Заняли столик у застекленной стены. Задрожал пол из пластика в крапинку, в щели шторы промелькнули освещенные окна проходной электрички. Васька отошел к стойке с белым сооружением холодильника к шатенке буфетчице Наташе. Розовощекое ее лицо украшали пунцовые губы, под служебным халатом красный джемпер пузырился мощной грудью. Когда за столиками затевалась пьяная склока или мордобойное выяснение отношений, Наташа поднимала бархатное контральто до свирепого визга: «Вы где у меня сидите? В пьяной забегаловке? А ну – ша! Люди отдыхать пришли». Золото, а не буфетчица.

Васька вернулся:

– Сей момент все будет.

И было. Официантка с лицом постаревшей девушки принесла спиртное, свежие огурцы и севрюгу в томатном соусе. Васька потянулся к графину:

– Пригубишь, Нинон?

Нинон в бело-грязном переднике повернулась спиной к буфетной стойке:

– Плесни чуть. – Васька здесь свой человек.

Смотрю в сторону отца.

Иван Николаевич ковырялся вилкой в остывшем мясе.

– … Так что же мы решили?

Настя с бесшабашной лихостью хватила рюмку коньяку:

– Вы все подбираете на дороге, что плохо лежит?

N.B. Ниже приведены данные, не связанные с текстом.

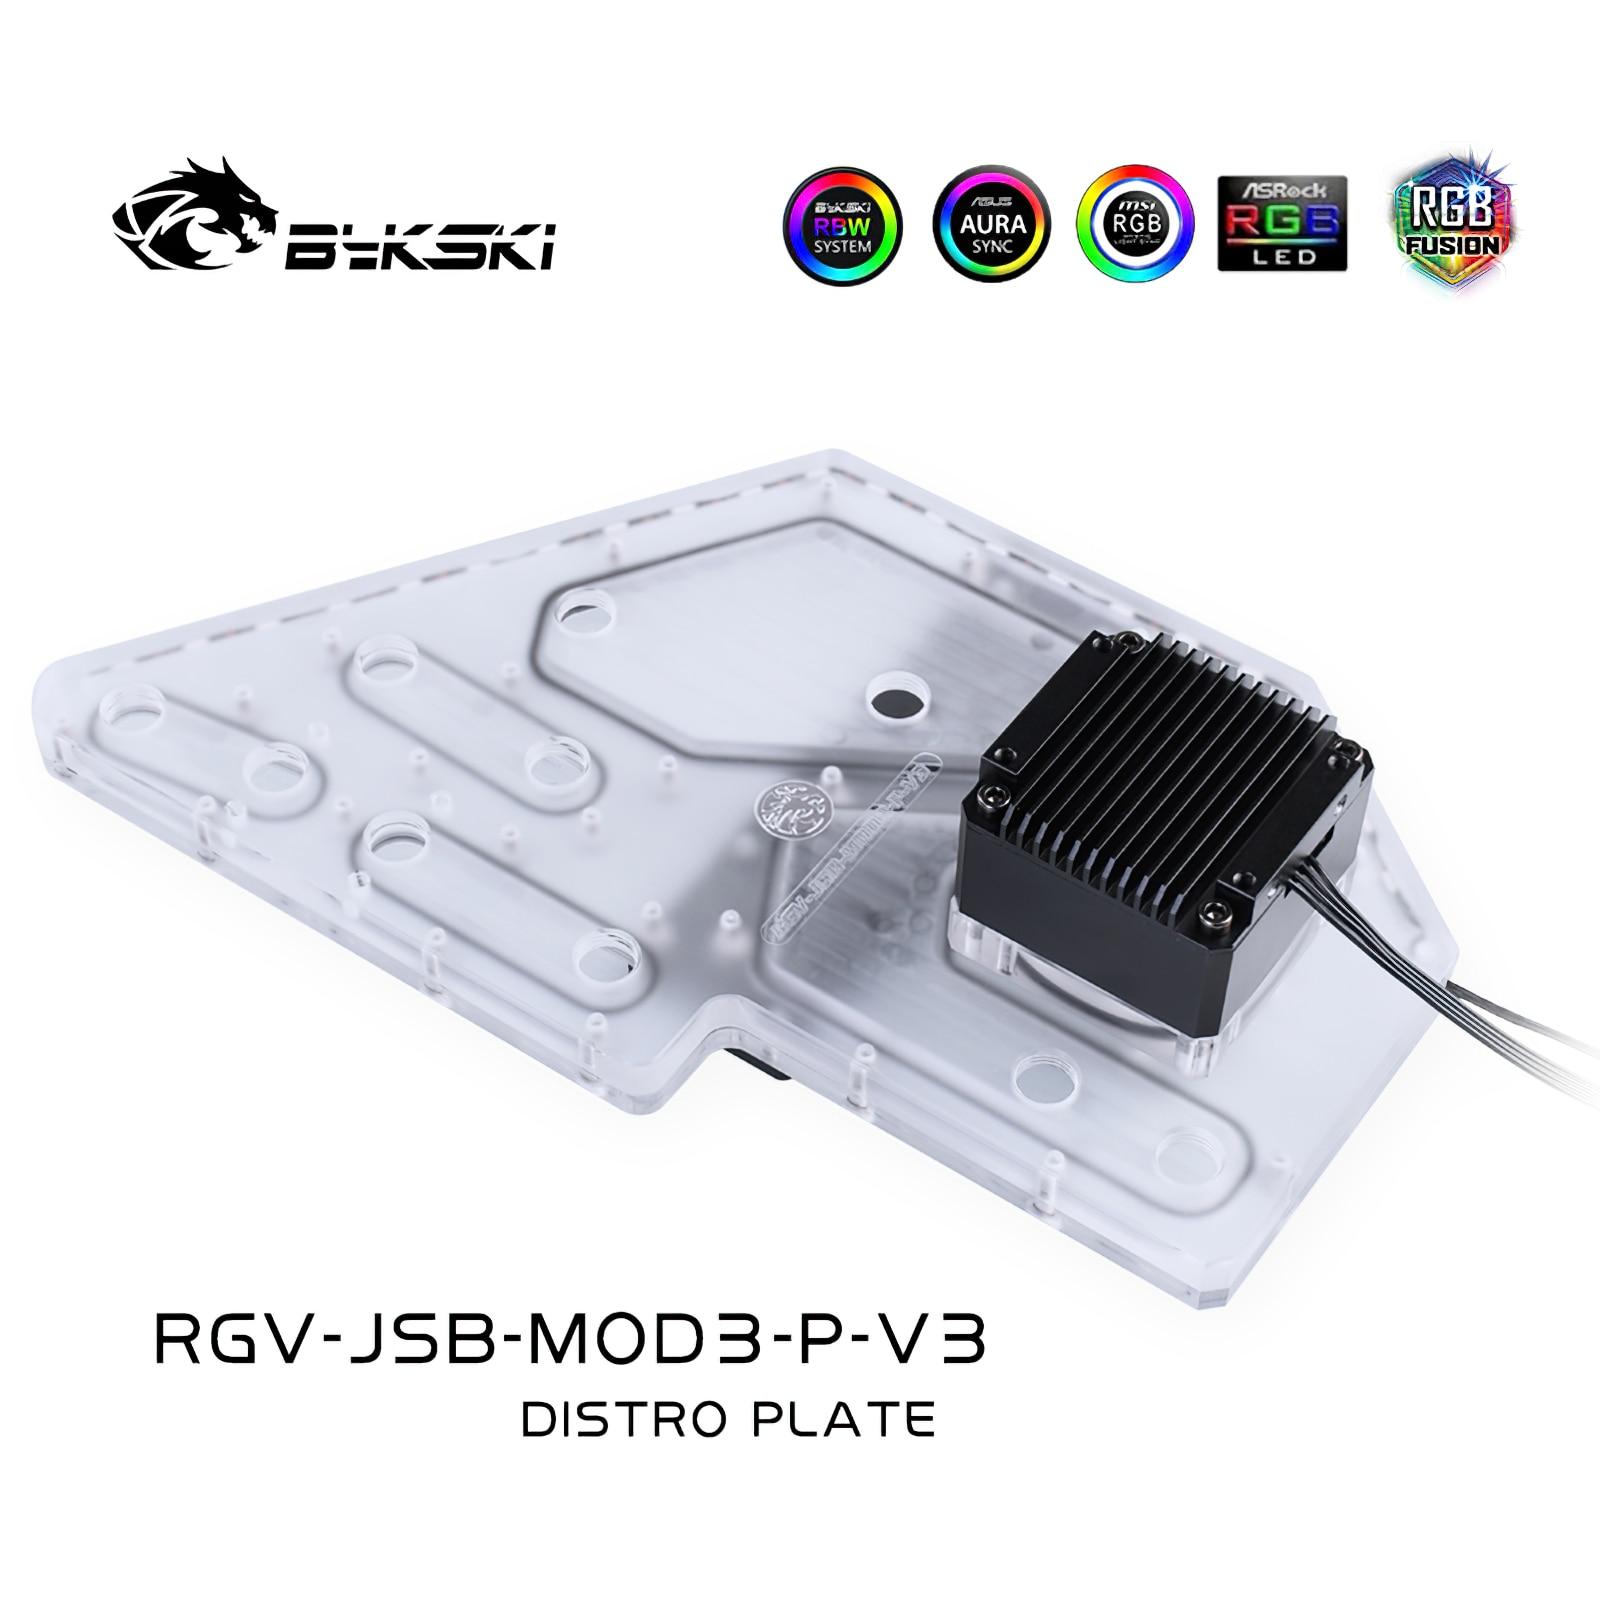 Bykski RGV-JSB-MOD3-P-V3 Distro لوحة ل Jonsbo MOD3 الهيكل
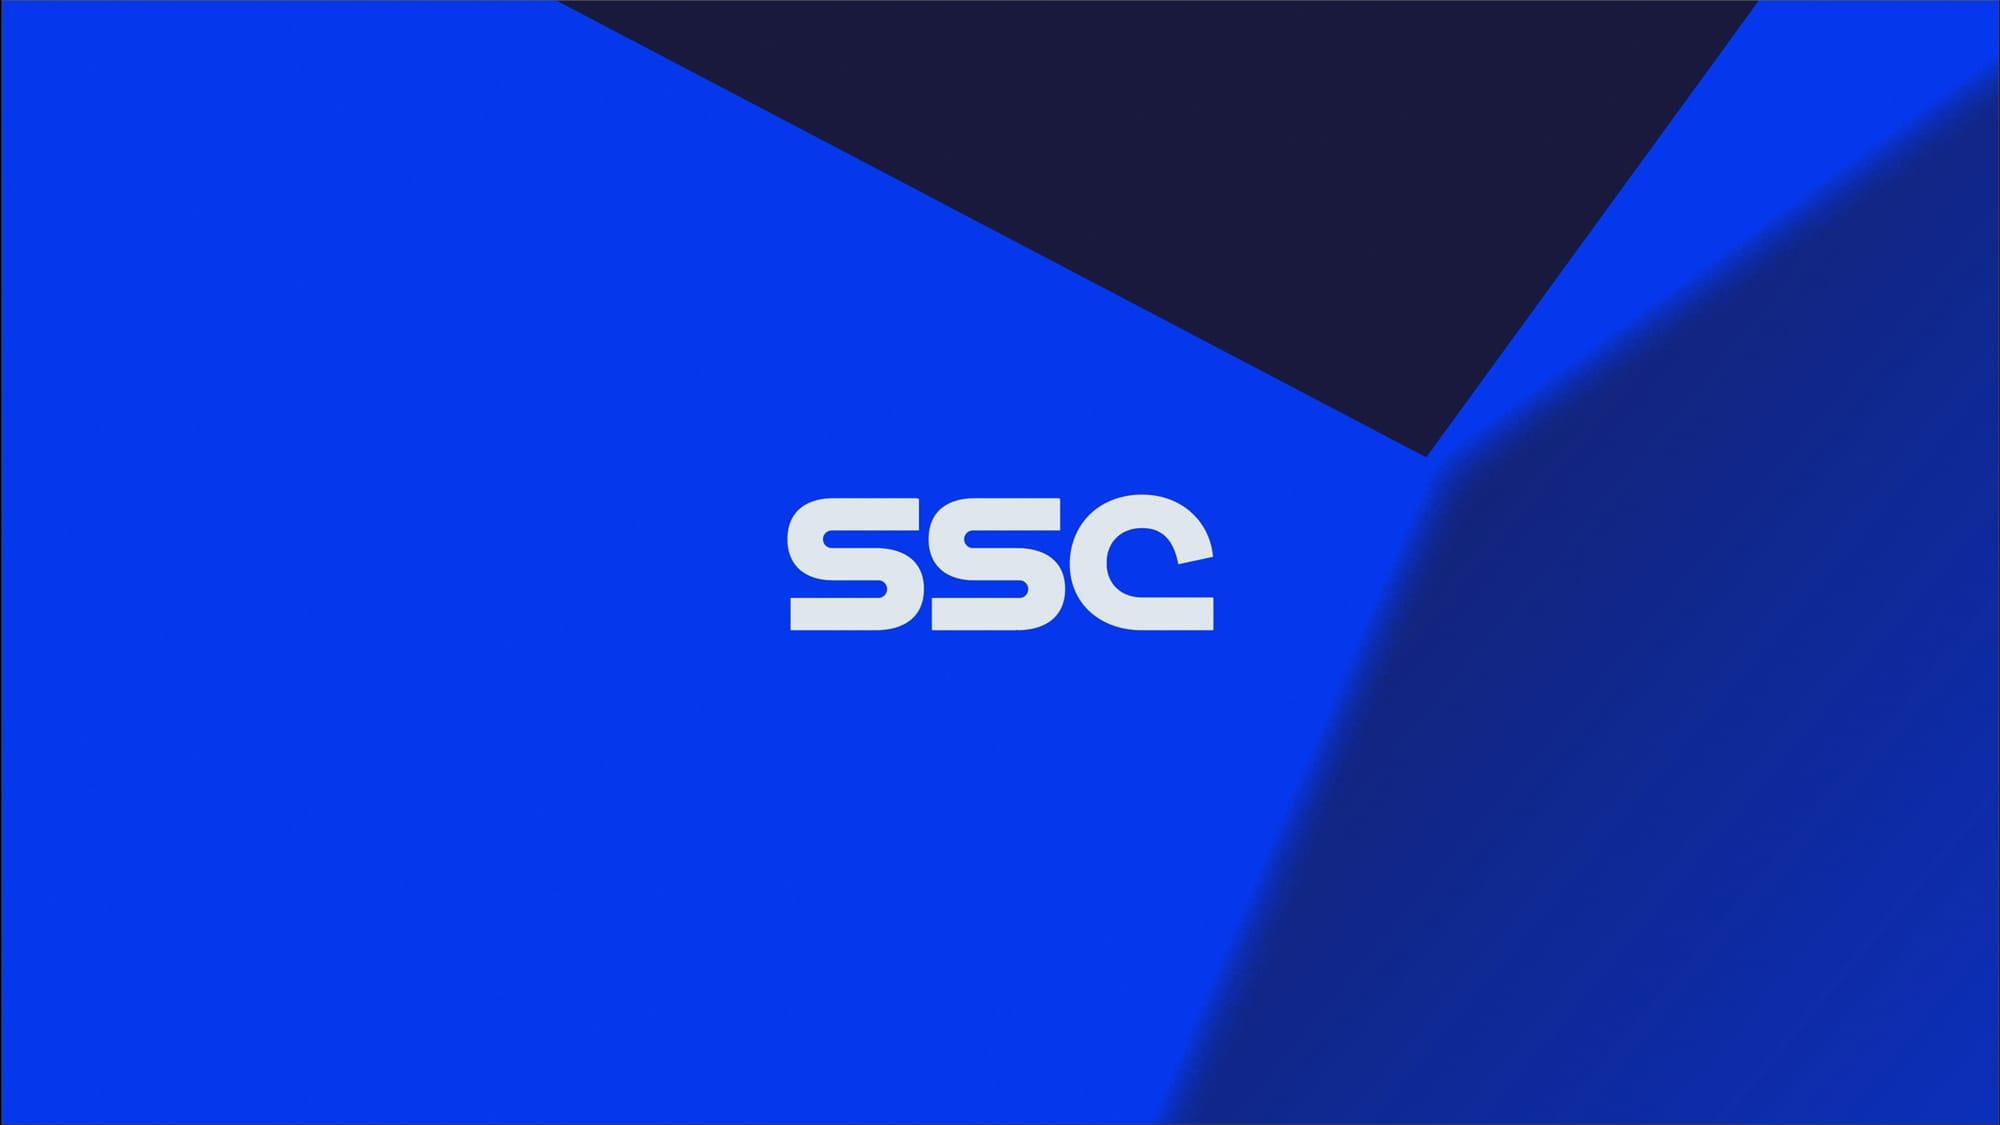 Saudi Sports Channel Brand

Он подпер рукой подбородок:

– Не все. Ты у меня на сердце лежишь. С первого взгляда легла.

От таких слов, сказанных с уверенной нежностью, у нее затрепетали светлые ресницы.

– Как же мне быть?..

Он освободил ее пальцы от ножки рюмки:

– Со мною быть.

– Вы и вправду решили?

– Правдивее не бывает. В кино может сняться всякий. Главнейшее качество – естественность и простота поведения. О мастерстве речь потом. – Помедлил. – В нашем кинематографе пропал национальный женский русский характер. В тебе я его почувствовал – еще не успела подгадиться городом. Я тебя вылеплю, пойдешь.

– Куда?

– Куда скажу.

Настя опустила голову, поежилась всем телом:

– Страшно.

Он не спускал взгляда с ее нежной круглой шеи:

– А как раньше жила – не страшно? – Отпил шампанского. – Зачем к моему сыну пожаловала?

Настя оживилась:

– Ой, да что вы! Меня подруга Женька уговорила. Она с этим пианистом на улице познакомилась, а после спектакля куда возвращаться? В гробу я видала нашу общагу. И поехала. – Взглянула в мою сторону. – А ваш сын замечательный, а какой трубач…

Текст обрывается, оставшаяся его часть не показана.